What is the compromise contained in the SCS governing how the seller’s lawyer can deal with the deposit?

A

SCS 2.2.5 allows the deposit to be held by the seller’s conveyancer as agent insofar as it is needed for any related residential purchase in England and Wales.

This means that all or part of the deposit can be used by the seller for such a related purchase provided that in such a purchase the deposit will be held on the same terms. Any sums not so required must be held by the seller’s conveyancer as stakeholder in accordance with SCS 2.2.6. So even if a deposit is passed along a chain of related purchase transactions, it will ultimately be held by a conveyancer as stakeholder. Due to these provisions in the SCS, sale deposits are routinely used in practice for related purchase deposits.

23
Q

What is the significance of a non-owning occupier when it comes to the contract for sale? How does Special Condition 7 deal with this?

A

An adult who is living in a property which is being sold but who does not appear on the registered title is the non-owning occupier. Special Condition 7 asks the occupier to sign confirming that they will move out of the property on completion.

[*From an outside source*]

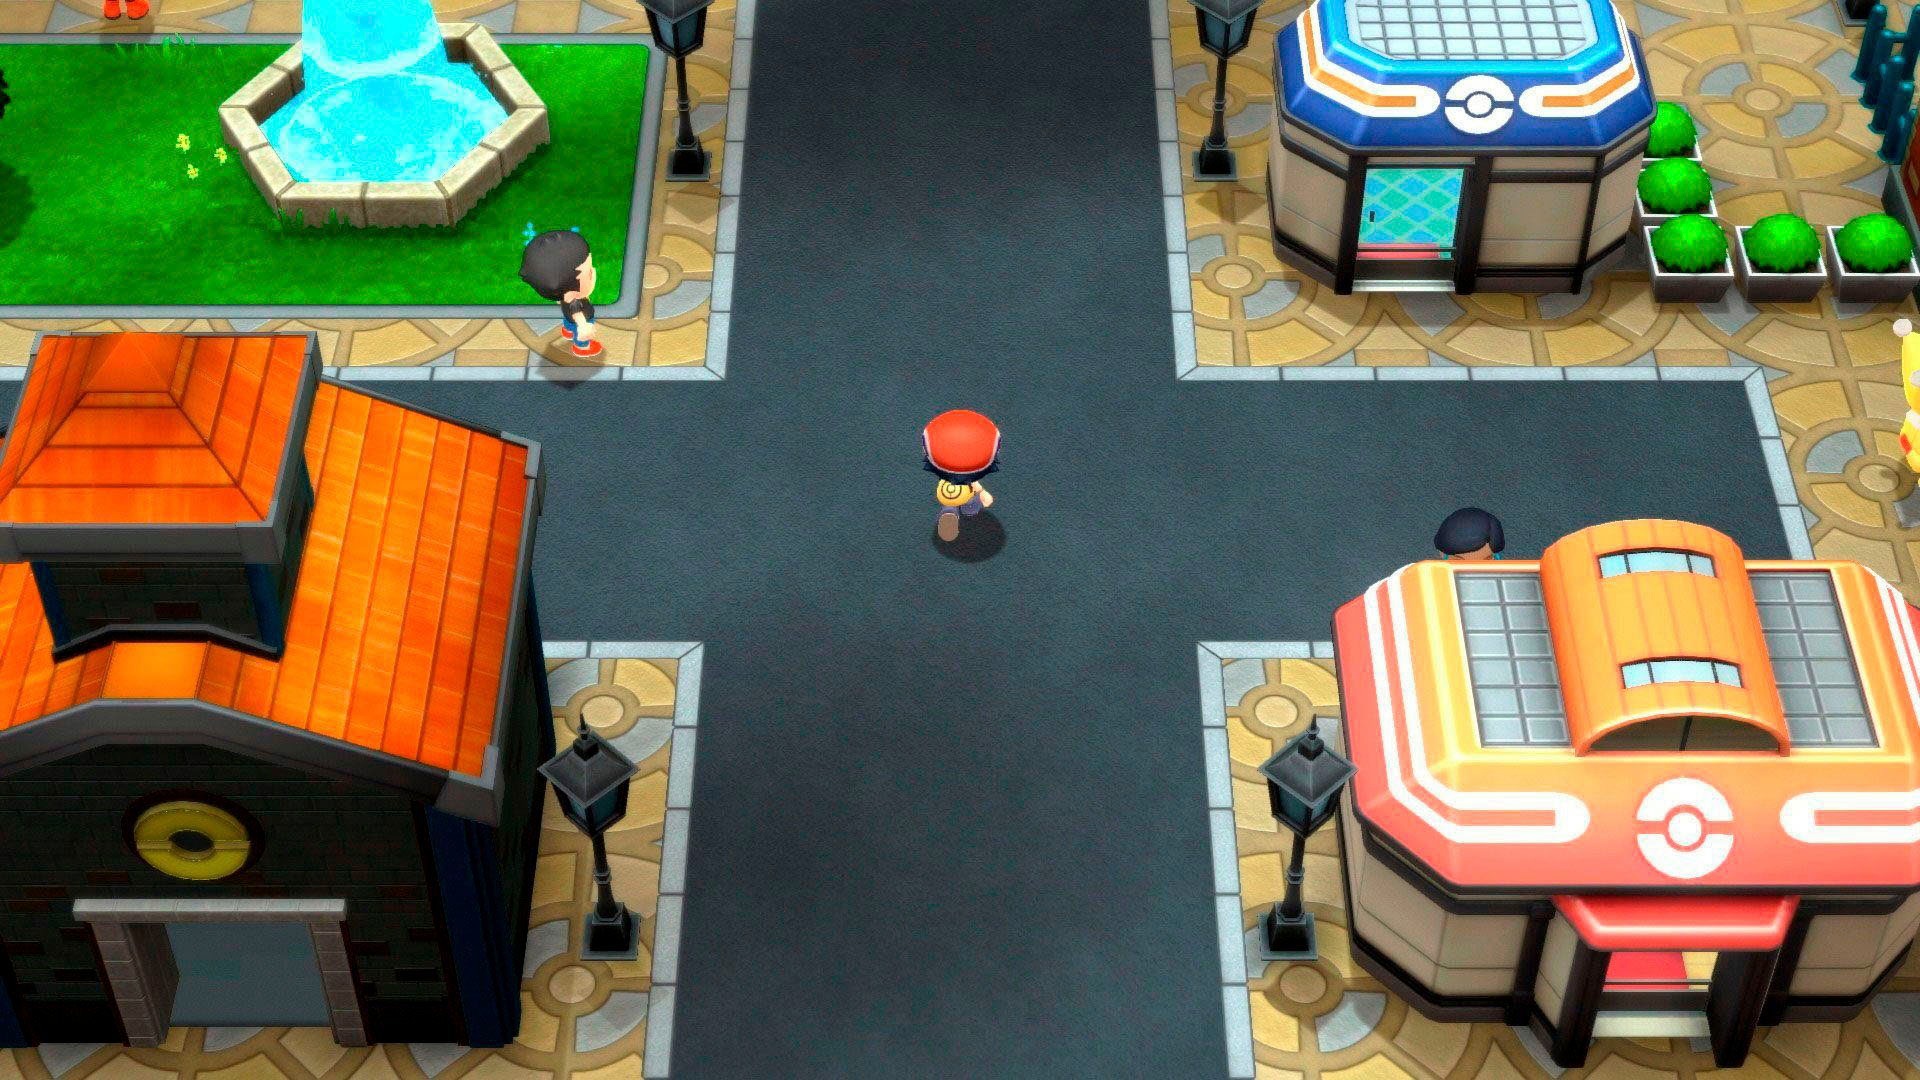 Nintendo Switch Spielekonsole, inkl. Pokémon Leuchtende Perle

Remember, the seller’s conveyancer cannot give legal advice to the non-owning occupier, due to possible conflict of interest with their seller client. If there is doubt that they may not move out, the buyer’s occupier should not continue with exchange of contracts until it is resolved.

24
Q

What is a “pre-contract package”? What does it contain?

A

The pre-contract package is given to the buyer’s conveyancer and contains various documents. It must contain:
- Draft contract in duplicate
- Evidence of title (official copies of title and title plan, which must be less than 6 months old at the time of sending the package)
- TA6: Seller’s property information form
- TA10: Fitting and contents form

+ 4 other forms (planning, guarantees, EPC, sometimes draft transfer)

25
Q

In regards to a ‘non-routine’ specific item or fixture, how would that be dealt with in the sale?

A

Most contents will use the form TA10 contents and fittings form, but for valuable non-routine items (e.g. expensive chandelier (item) or stone fireplace (fixture)), it is best that these are dealt with by way of a Special condition in the contract.

26
Q

What are some other documents that could be included in the pre-contract package?

A

1) copies of planning permission or copies of guarantees
2) Energy Performance Certificate (EPC) if not provided already by estate agent
3) draft transfer (may save time later, more common nowadays to send now)

27
Q

How could a seller’s conveyancer send out the pre-contract package?

A

By post or email.

28
Q

What are the rules around sending pre-contract packages by email?

A

The Protocol contains specific instructions where the package is sent out by email. It provides that, where the pre-contract package is to be emailed to the buyer’s conveyancer, the seller’s conveyancer should tell the buyer’s conveyancer of this intention. Delivery by this method is acceptable under the Protocol, but each document should be a separately identifiable attachment or uploaded as a separate document.

29
Q

What is a TA10 form?

A

Fittings and Contents Form

30
Q

What is a TA6 form?

A

The Property Information Form

31
Q

What is the contract rate?

A

It is a rate of interest, inserted in the contract, usually approximately 4 per cent above base rate.

This interest rate is relevant where the contract provides for additional sums to be paid by one party to the other in the event of certain problems (e.g. where one party delays completion beyond the agreed date).

This may either be stated as a rate linked to a named bank or simply stated as “The Law Society’s interest rate”.